# THE PROBLEM
What you submit must be an exact copy of the listing below, with no images in it.

# DATASET CONTENT
━━━━━━━━
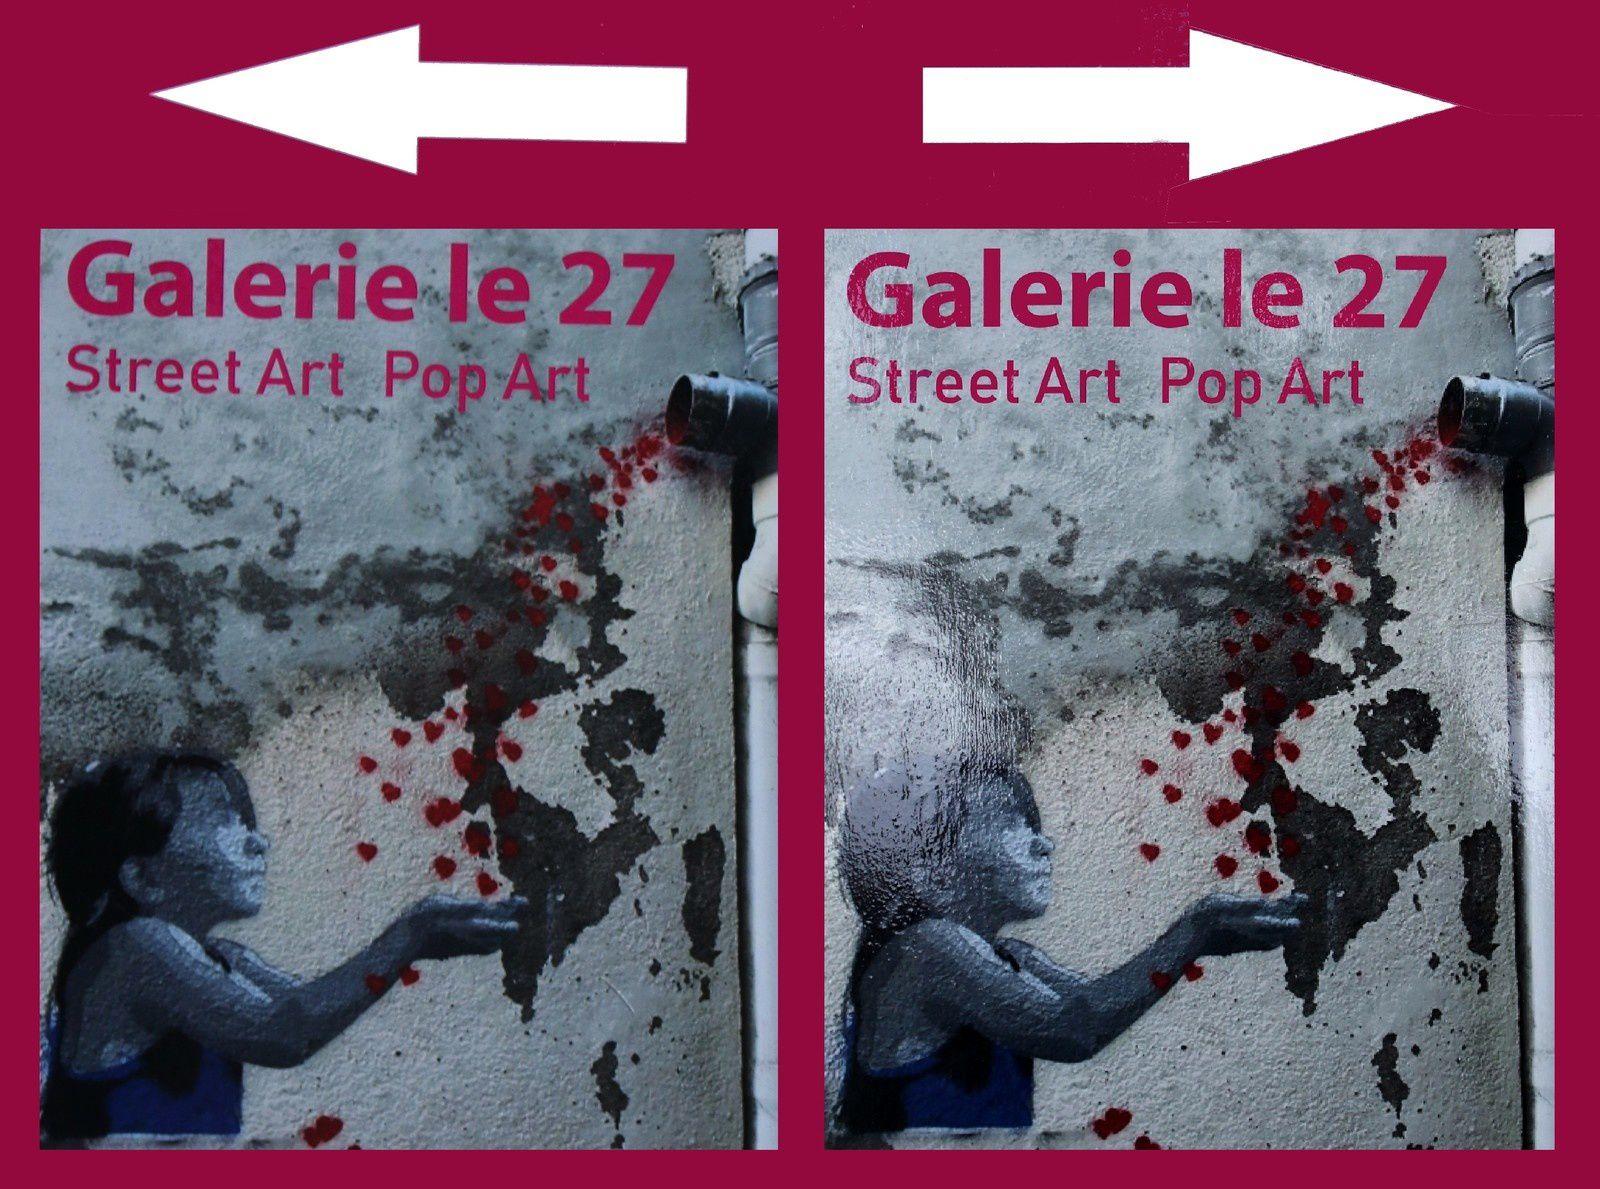 CÉRET, UNE NOUVELLE GALERIE D'ART
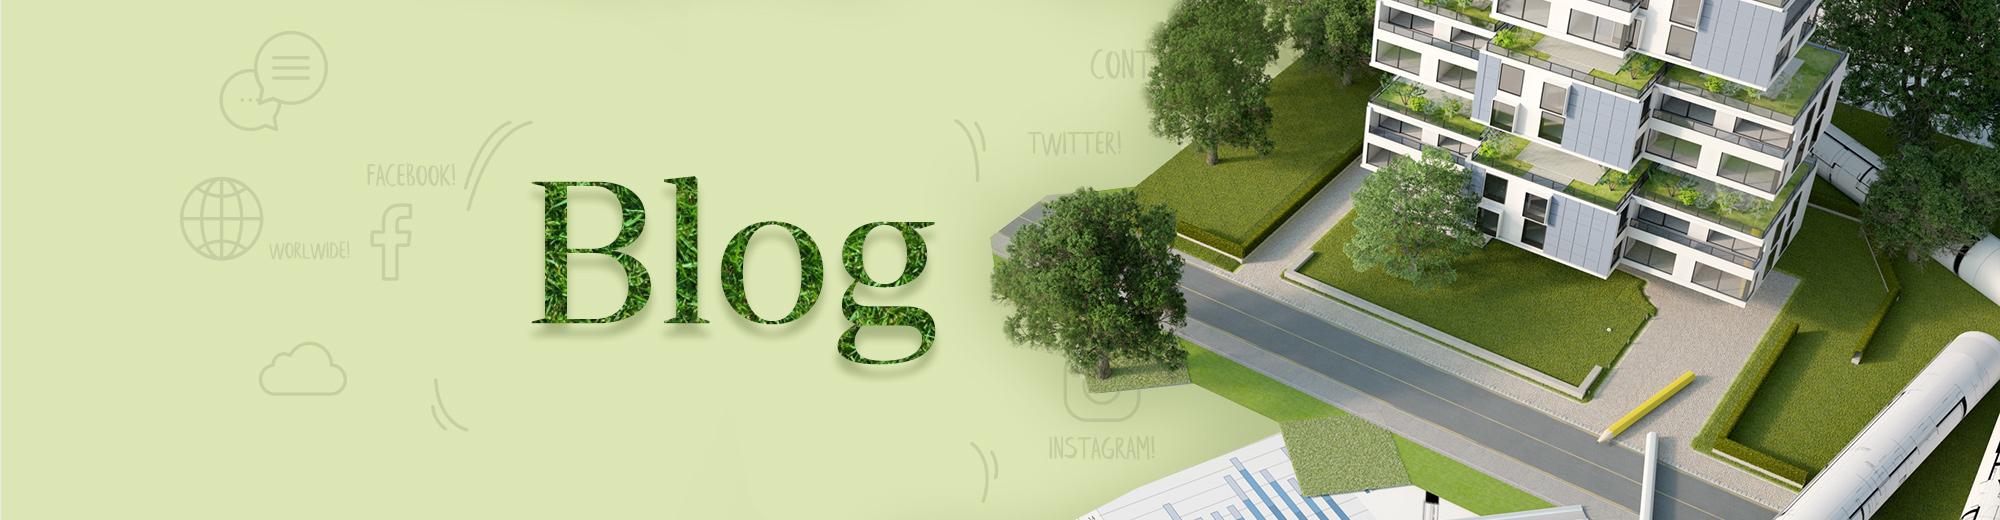 Banner de Blog
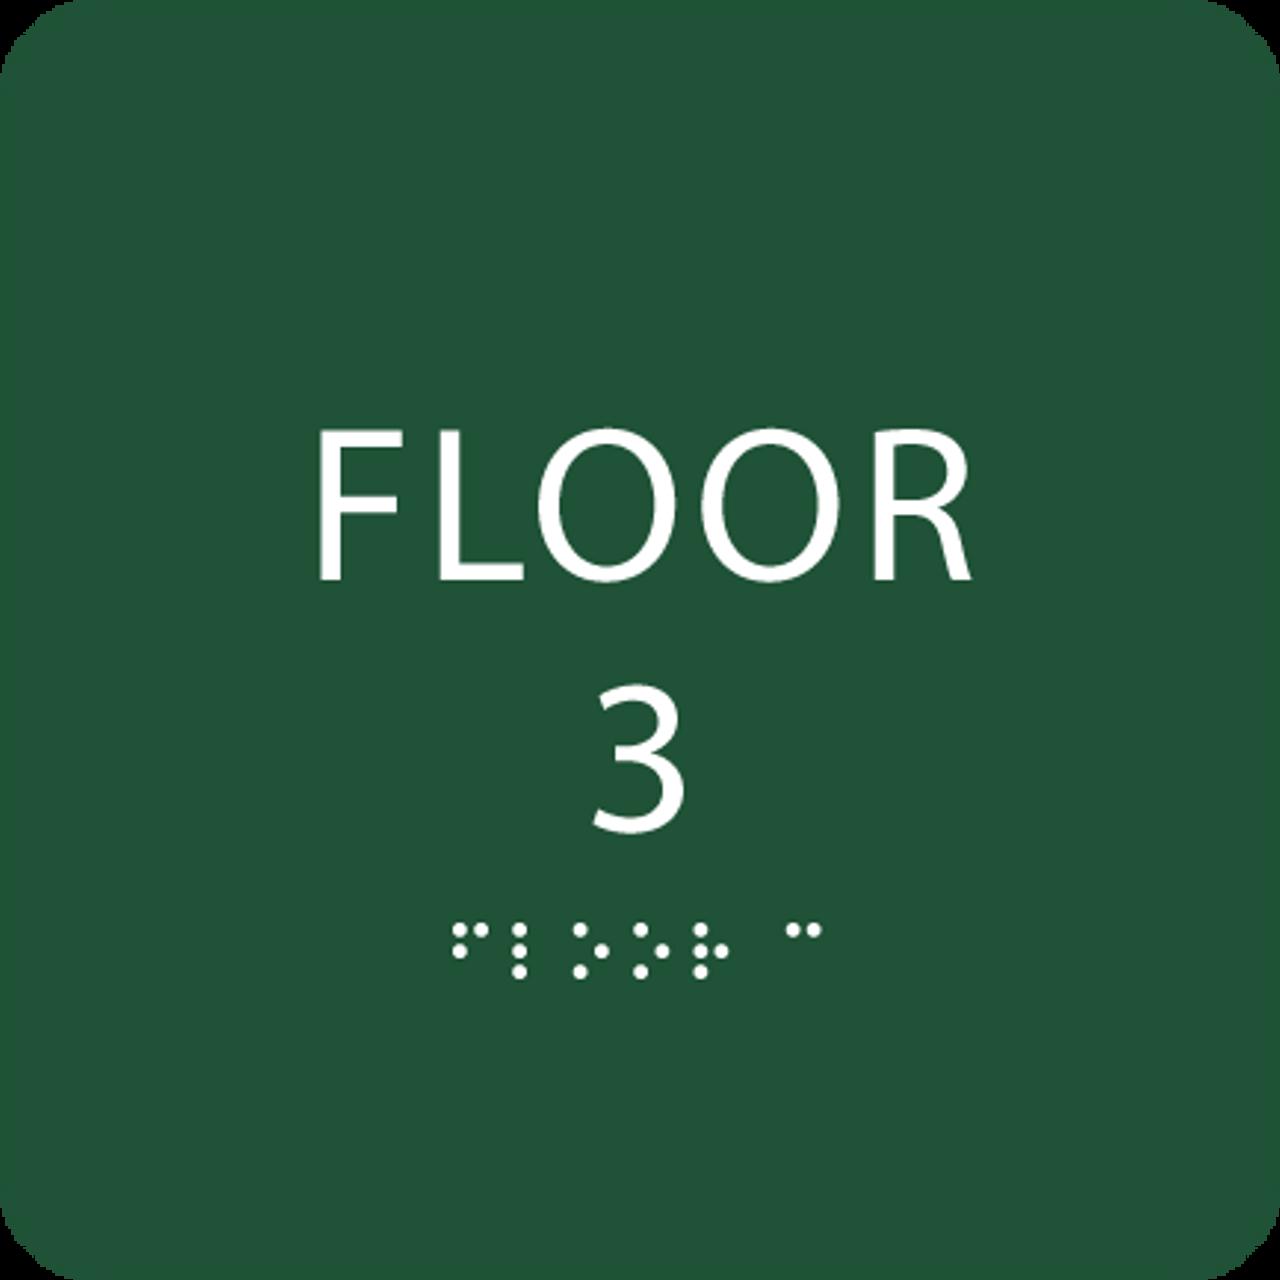 Green Floor 3 Number Sign
━━━━━━━━
# SOLUTION TO THIS TASK
 CÉRET, UNE NOUVELLE GALERIE D'ART
 Banner de Blog
 Green Floor 3 Number Sign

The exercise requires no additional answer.